Sunday, November 4, 2007

See who is linking to you

Google's Webmaster Tools site provides a reporting feature to let you see who is linking to you. Unfortunately, the report is backwards from the orientation I want to read it. It lists the remote links for each of your local pages. I want to see all of the local pages linked on a remote site grouped together. That helps me recognize trends and identify people who might be blogging about what I write here.

Luckily, in addition to the interactive report on the tools web site, you can download the data in a CSV file to be manipulated in any way you want. I put together a little script to produce an HTML file which shows what sites link to me, and the target links on my site. For example, I was a bit surprised to discover several links on an Italian Israeli site. Here's a segment of the output of LinkingToMe:



There are a lot of links on del.icio.us to the PyMOTW articles, and while that's cool it isn't very useful in this report. I included an option to filter out sites by their hostname, and included several bookmarking sites as defaults.

So far I'm not doing any other processing on the data (such as downloading the titles on those remote pages). Perhaps when I have a little more time I'll enhance the script.

[Corrected country of origin for whatsup.co.il.]

7 comments:

Anonymous said...

just so you know,

whatsup.org.il (which is also accessible through whatsup.co.il) is an Israeli forum dedicated to Free Software in general and Linux in particular.
There is a programming section in the forum, and python is gaining popularity due to the work of some language advocates and experts.

BTW - thanks for the PyMOTW articles, they are a great read :)

Doug Hellmann said...

Thanks for the tip! From the Tux logo, I thought whatsup.org.il probably had something to do with Linux, but I don't read Hebrew so I couldn't tell what was actually being said on any of the pages.

mksoft said...

Hi Doug,

I'm one of the owners and maintainer of whatsup.org.il (or co.il) and a reader of your blog (valuable information in pymotw 10x :-)

In that discussion (full link at
http://whatsup.co.il/forum/42547 ) the guy hit a wall trying to implement getopt/optparse on his own, instead of using the libraries (hence the links to pymotw).

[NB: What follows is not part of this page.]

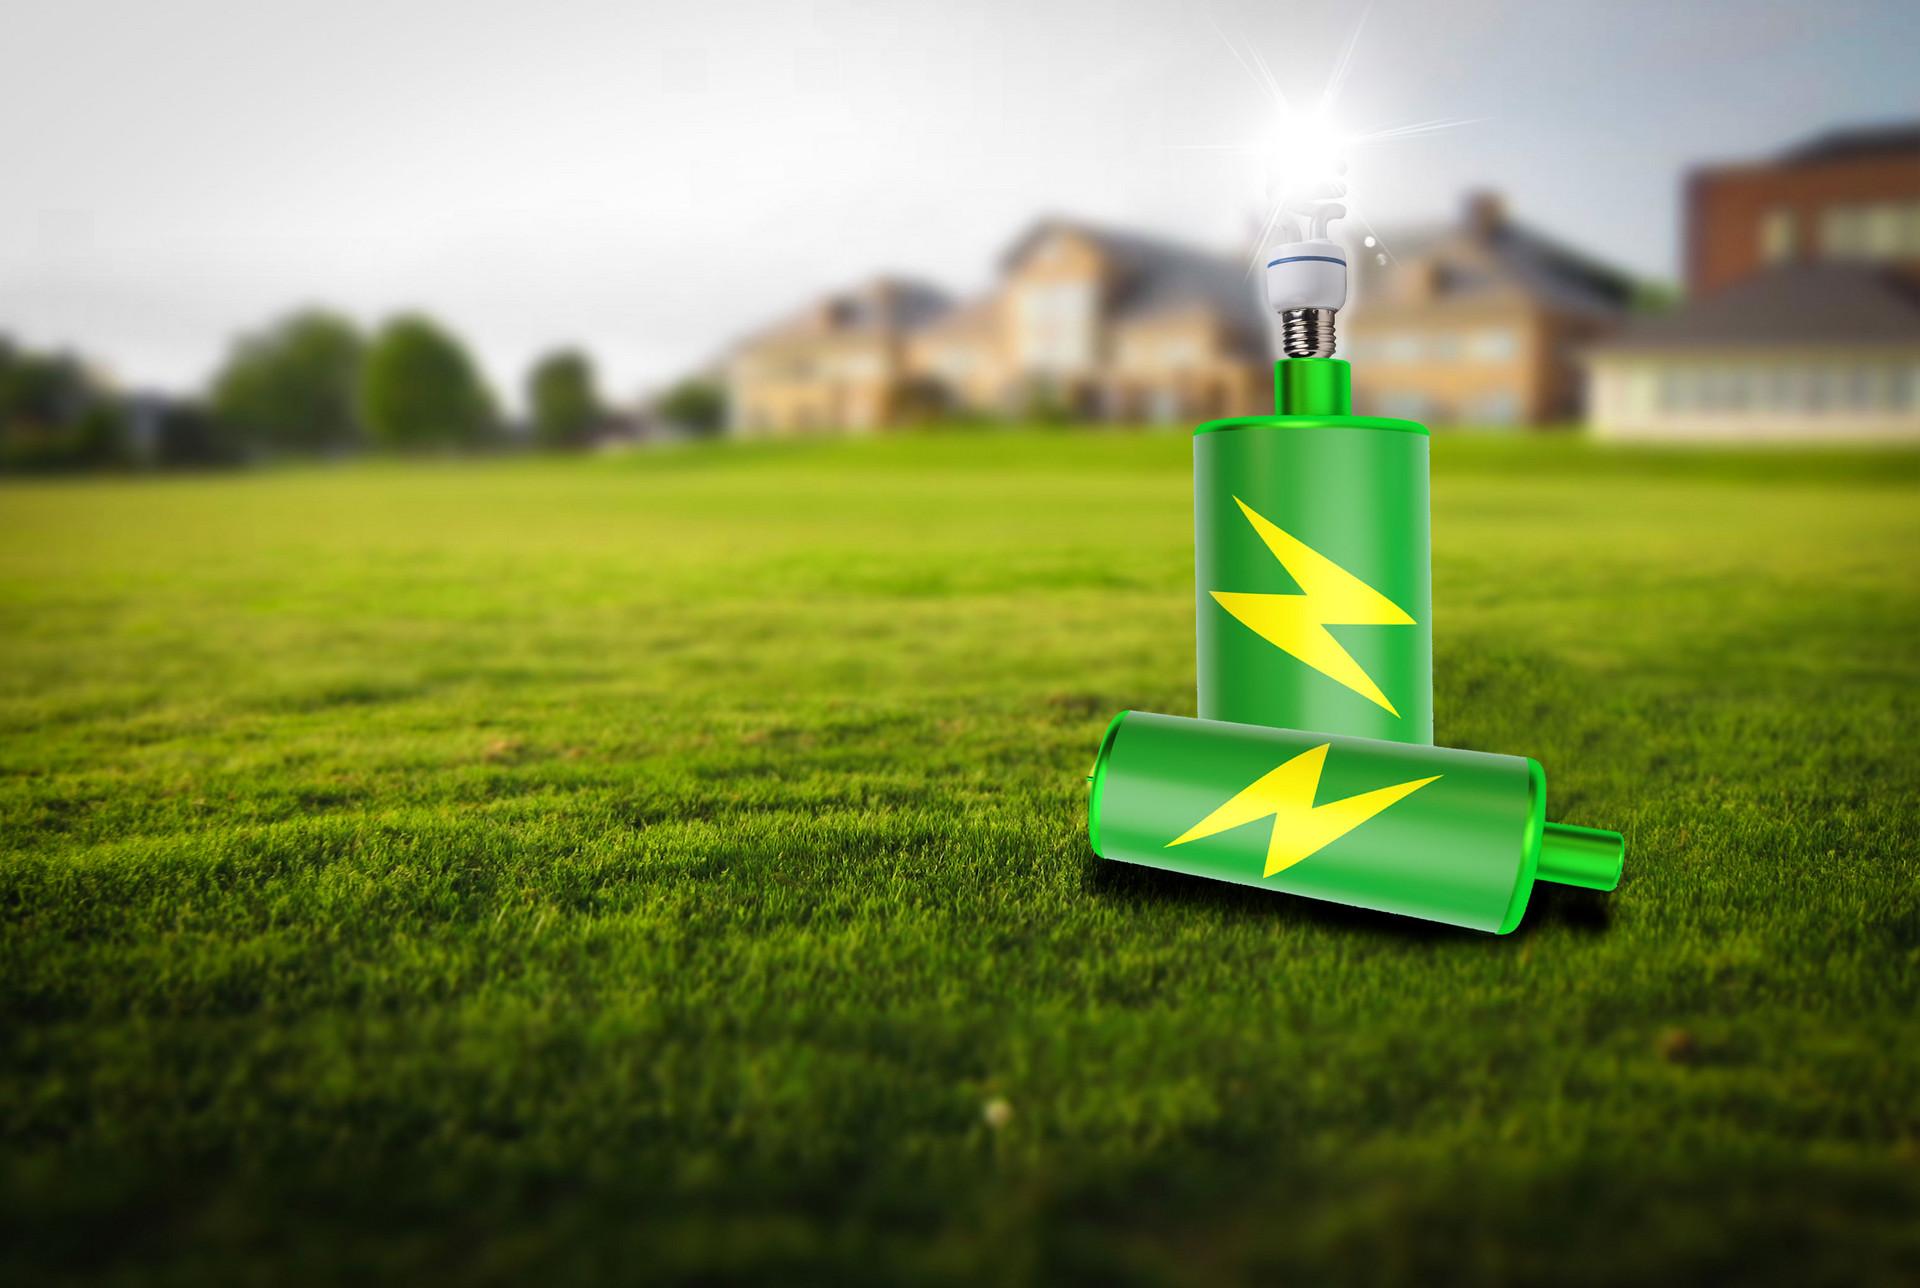 动力电池盲目扩张的后遗症开始显现,产业链纷纷减产

After pointing it to him, he wanted to implement something simple with a limited scope (for his needs - 3 required options) as a learning exercise, I've posted a sample towards the end of the discussion.

Doug Hellmann said...

@mksoft - That's a clever use of zip() and slicing to assemble the option pairs from sys.argv. I'll have to remember that trick. :-)

mksoft said...

10x Doug, It's the best I could come up with. It's not too readable though. If you'll come up with something more elegant, let me know :-)

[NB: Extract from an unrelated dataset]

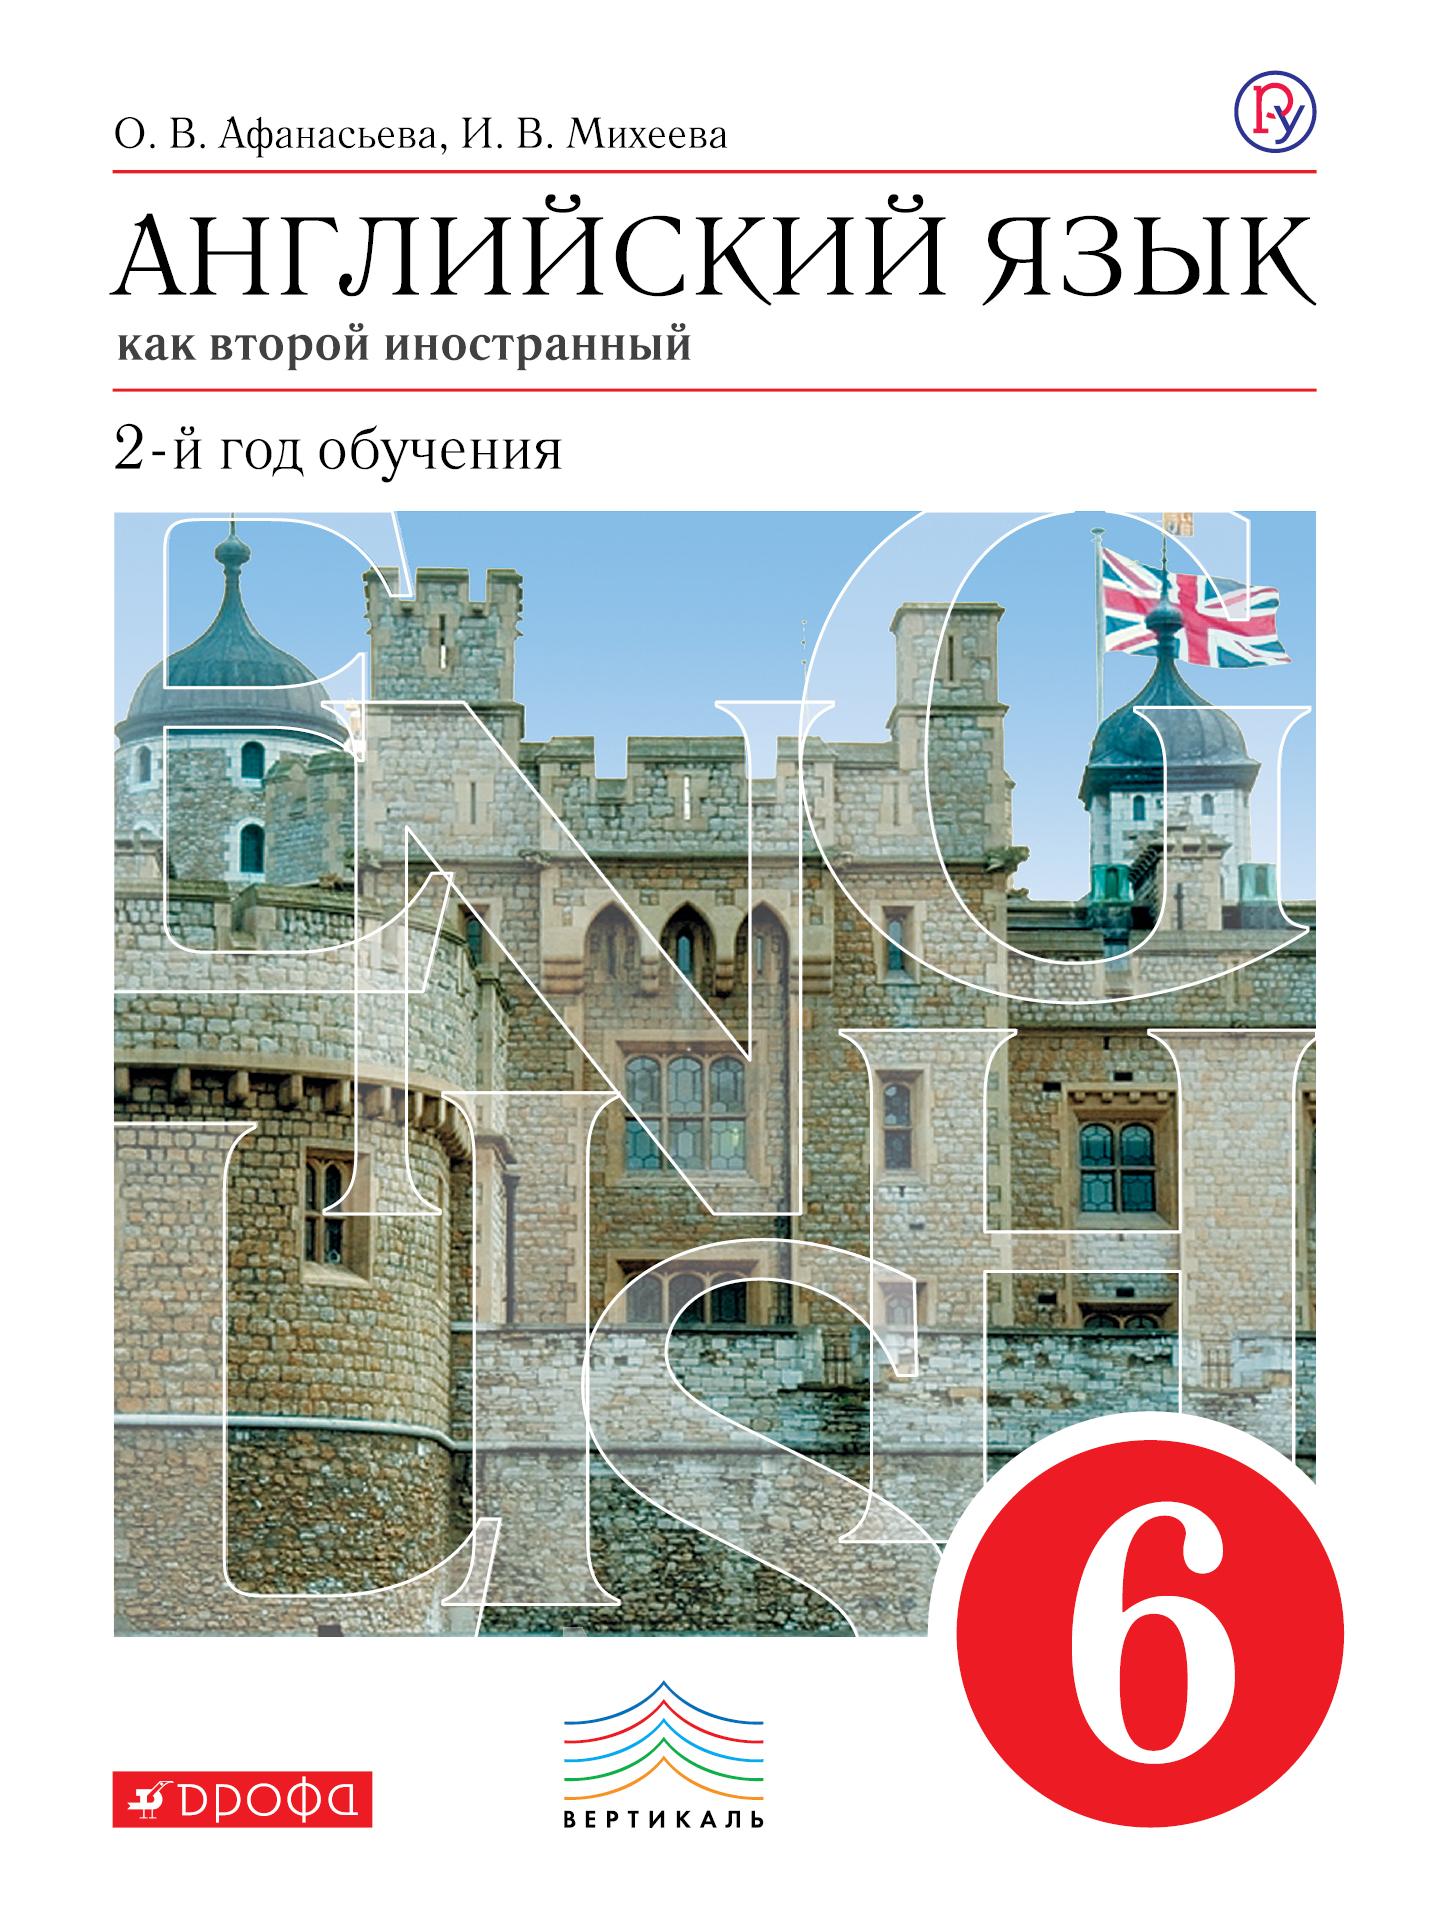 О. В. Афанасьева, И. В. Михеева Английский язык как второй иностранный. Второй год обучения. 6 класс. Учебник

BTW, the sample code posted in the link above has one bug (which I've mentioned in the following comment there): It won't catch a case where the same param is passed more than once. so the line:

if not opt in OPTS.keys():

should be:

if not opt in OPTS.keys() or OPTS[opt].get('value', None):

I'll update it.

Anonymous said...

great trick by the way, and thanks for the help. (yeah i'm the guy who asked the question).

MetalloUrlante said...

It will be also useful to see the anchor text of the backlinks.
As you know anchor text have a bug value for search engine.